* [What to do]:
With the pictures left out, please write out exactly each line from the one containing "RUSSIA - CIRCA" through the end of the material.

* [Source data]:
┌──

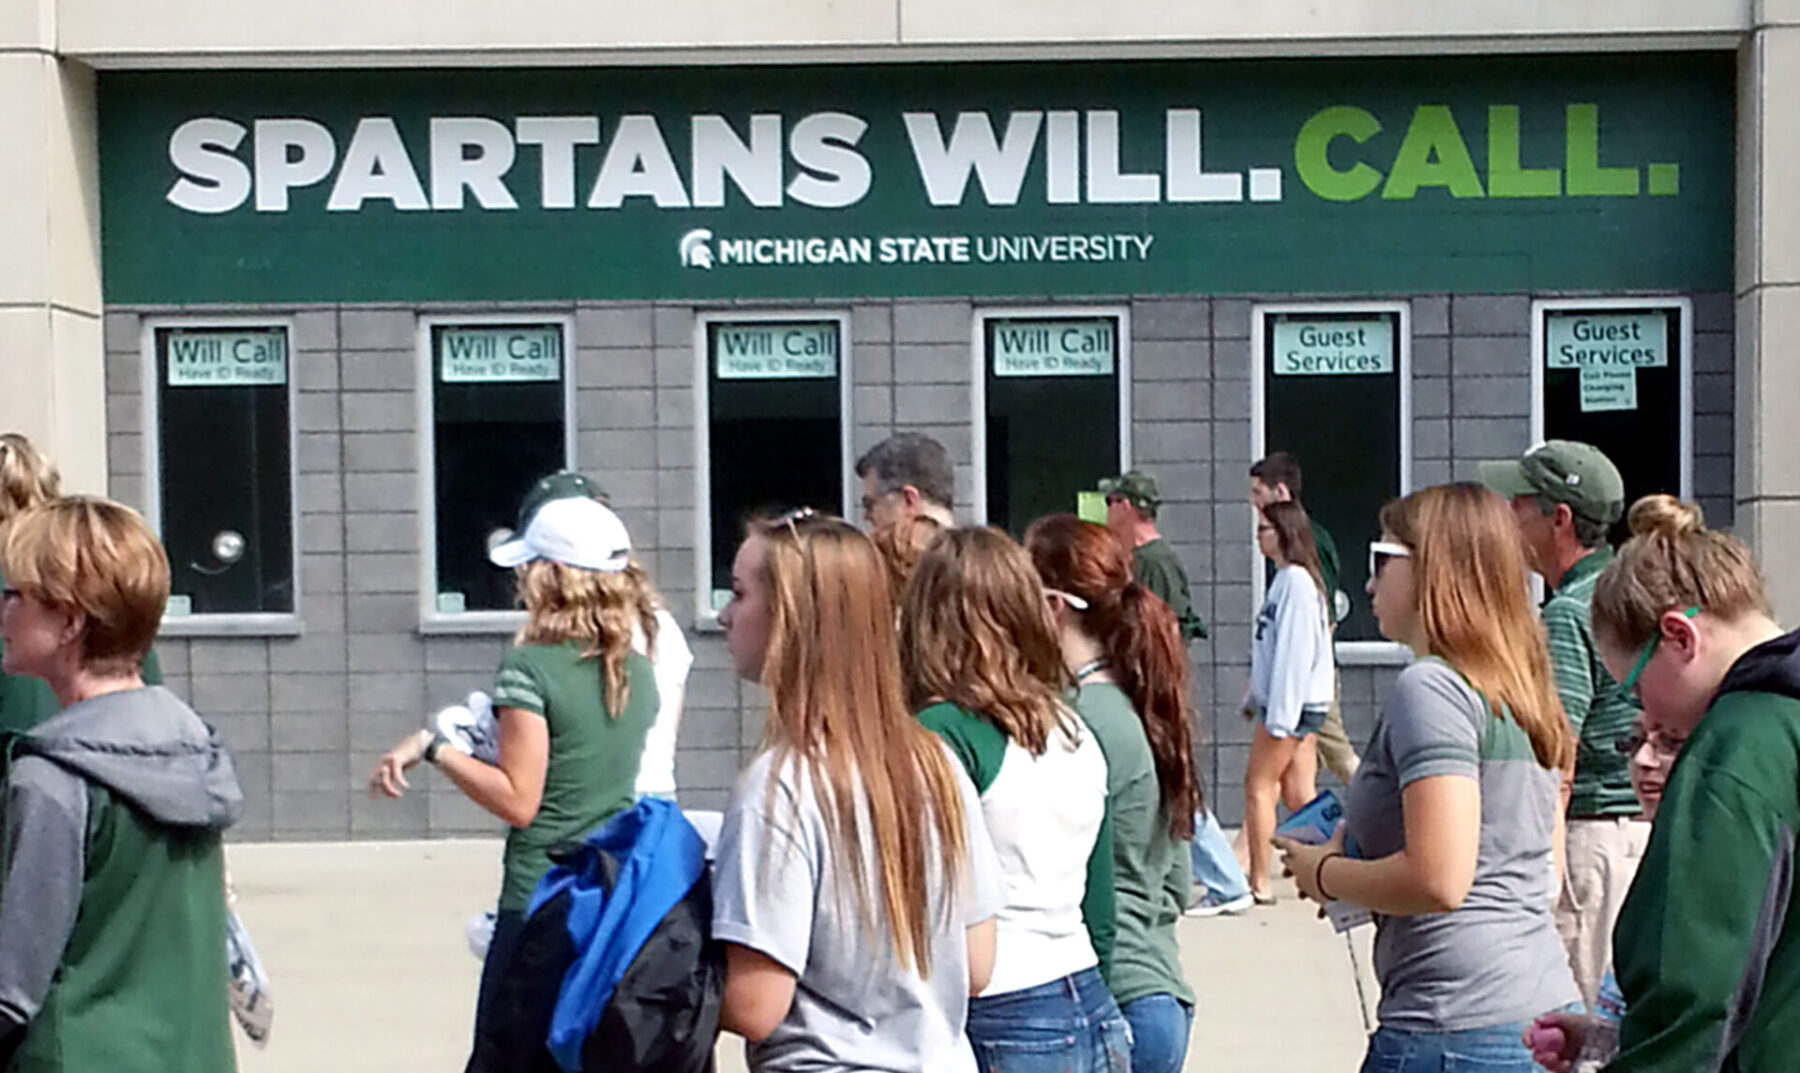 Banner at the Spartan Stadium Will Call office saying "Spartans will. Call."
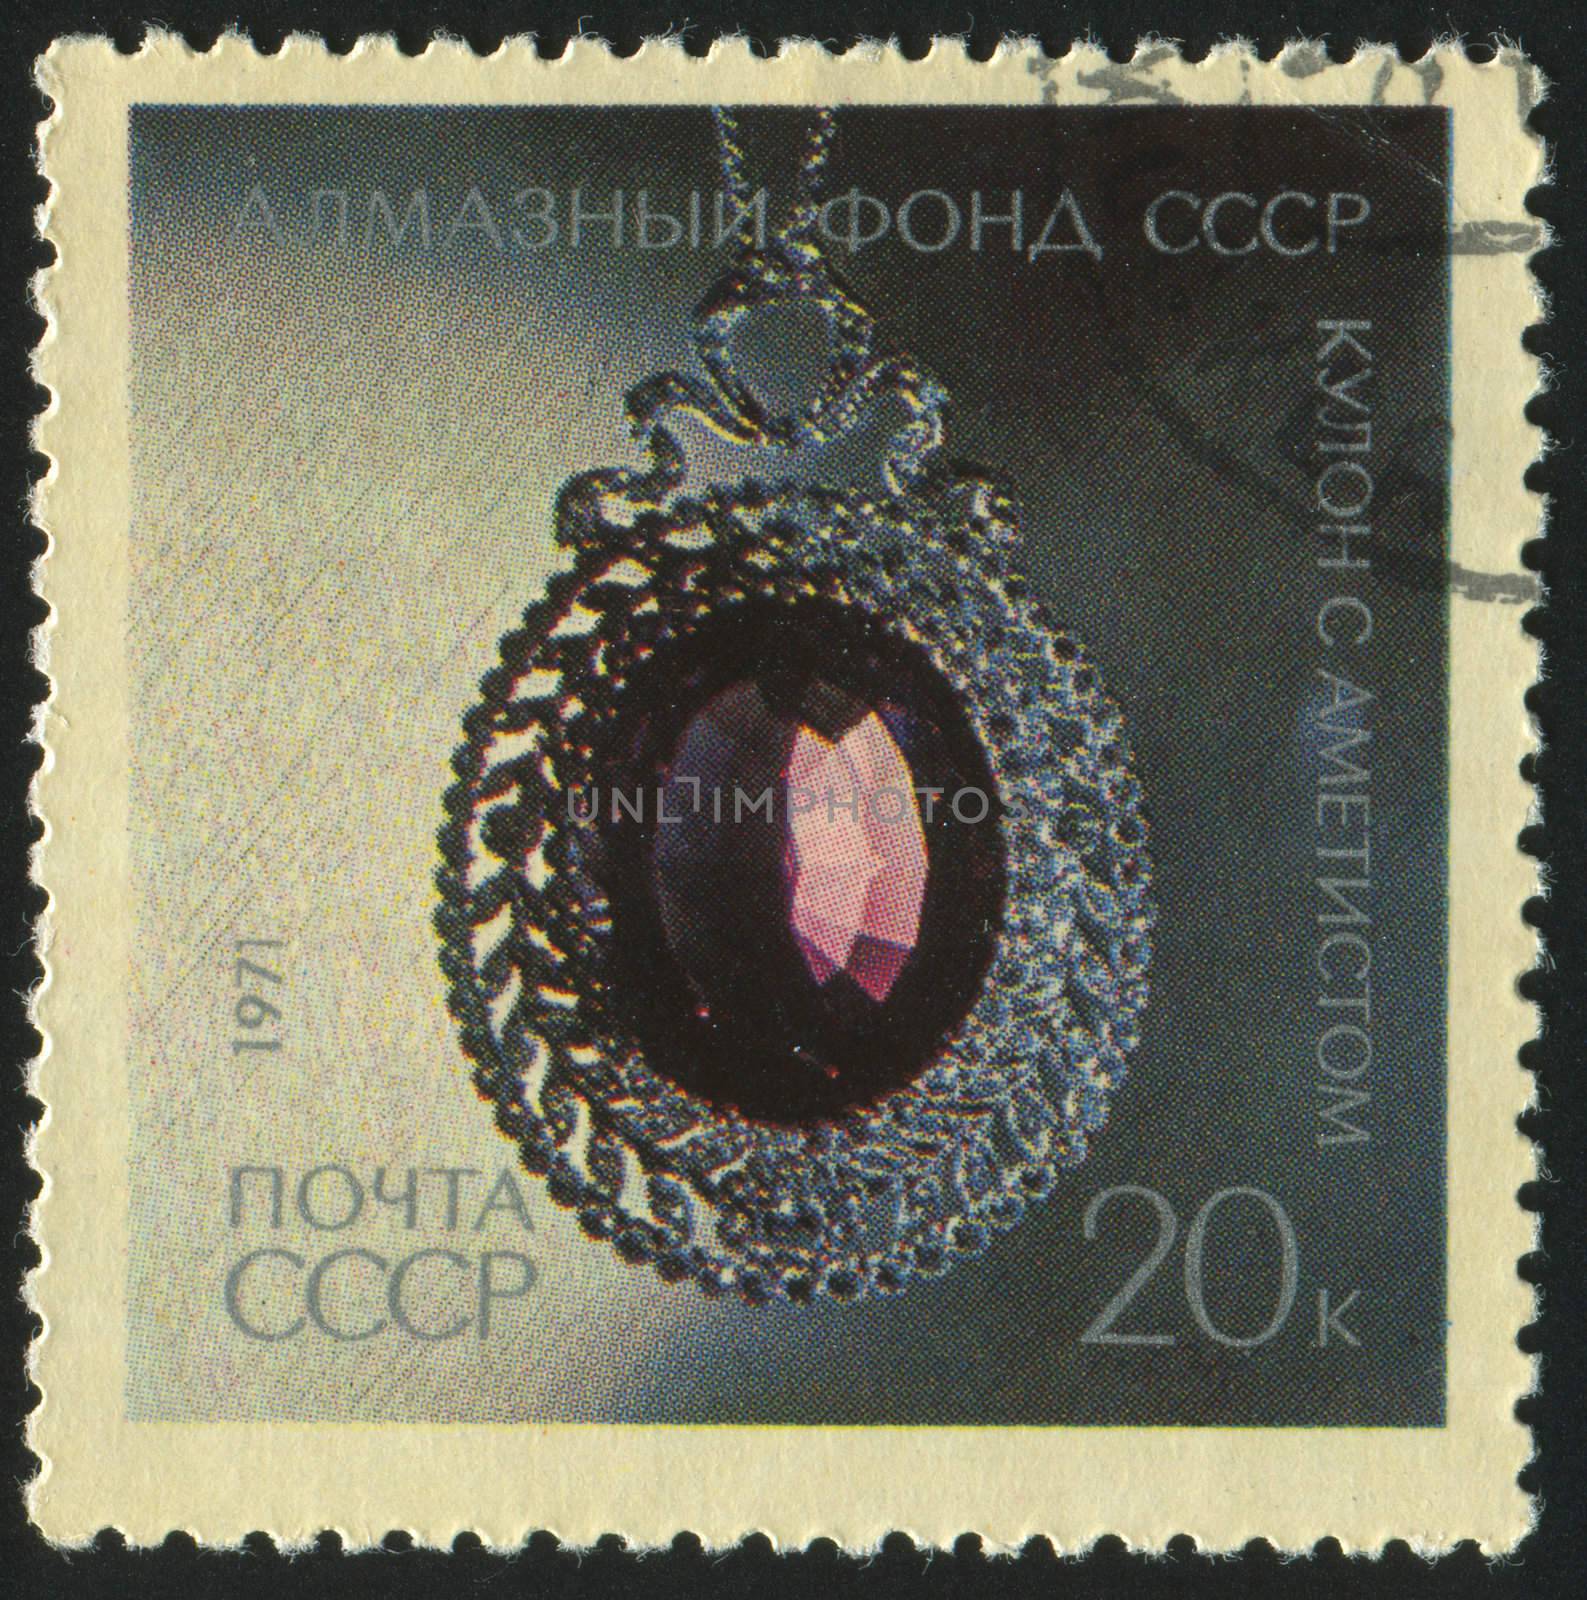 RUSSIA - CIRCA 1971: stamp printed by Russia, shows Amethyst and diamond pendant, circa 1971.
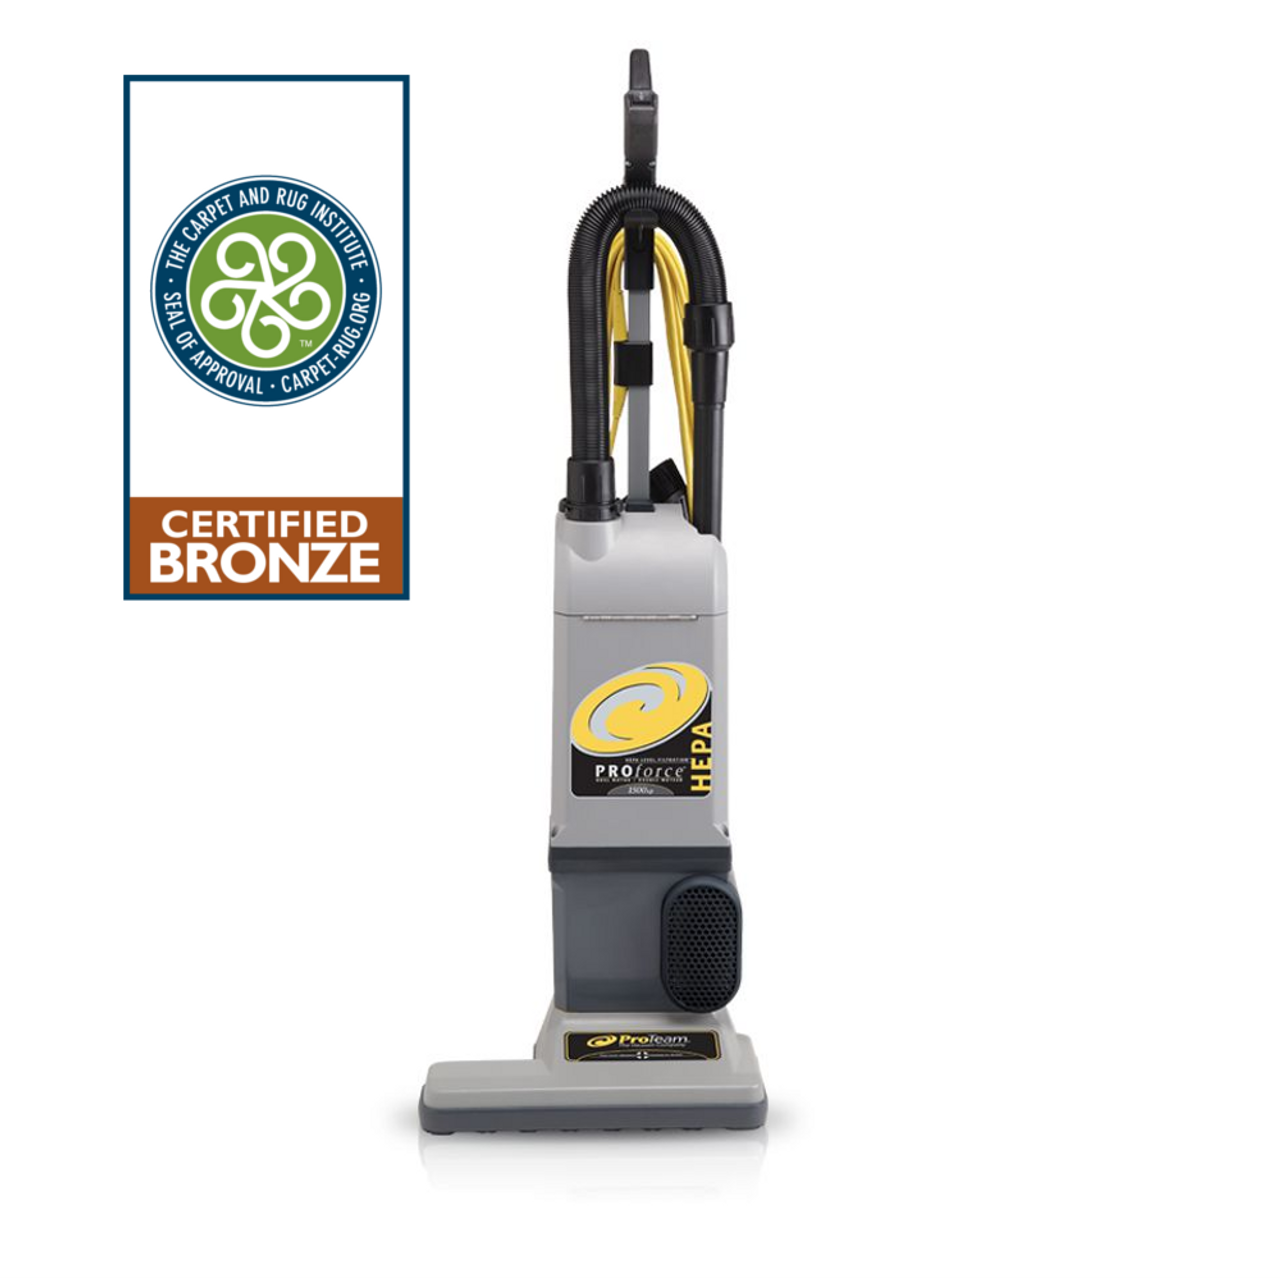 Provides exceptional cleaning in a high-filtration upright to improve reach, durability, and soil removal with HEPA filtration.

└──

* [Response to the exercise]:
 RUSSIA - CIRCA 1971: stamp printed by Russia, shows Amethyst and diamond pendant, circa 1971.
 Provides exceptional cleaning in a high-filtration upright to improve reach, durability, and soil removal with HEPA filtration.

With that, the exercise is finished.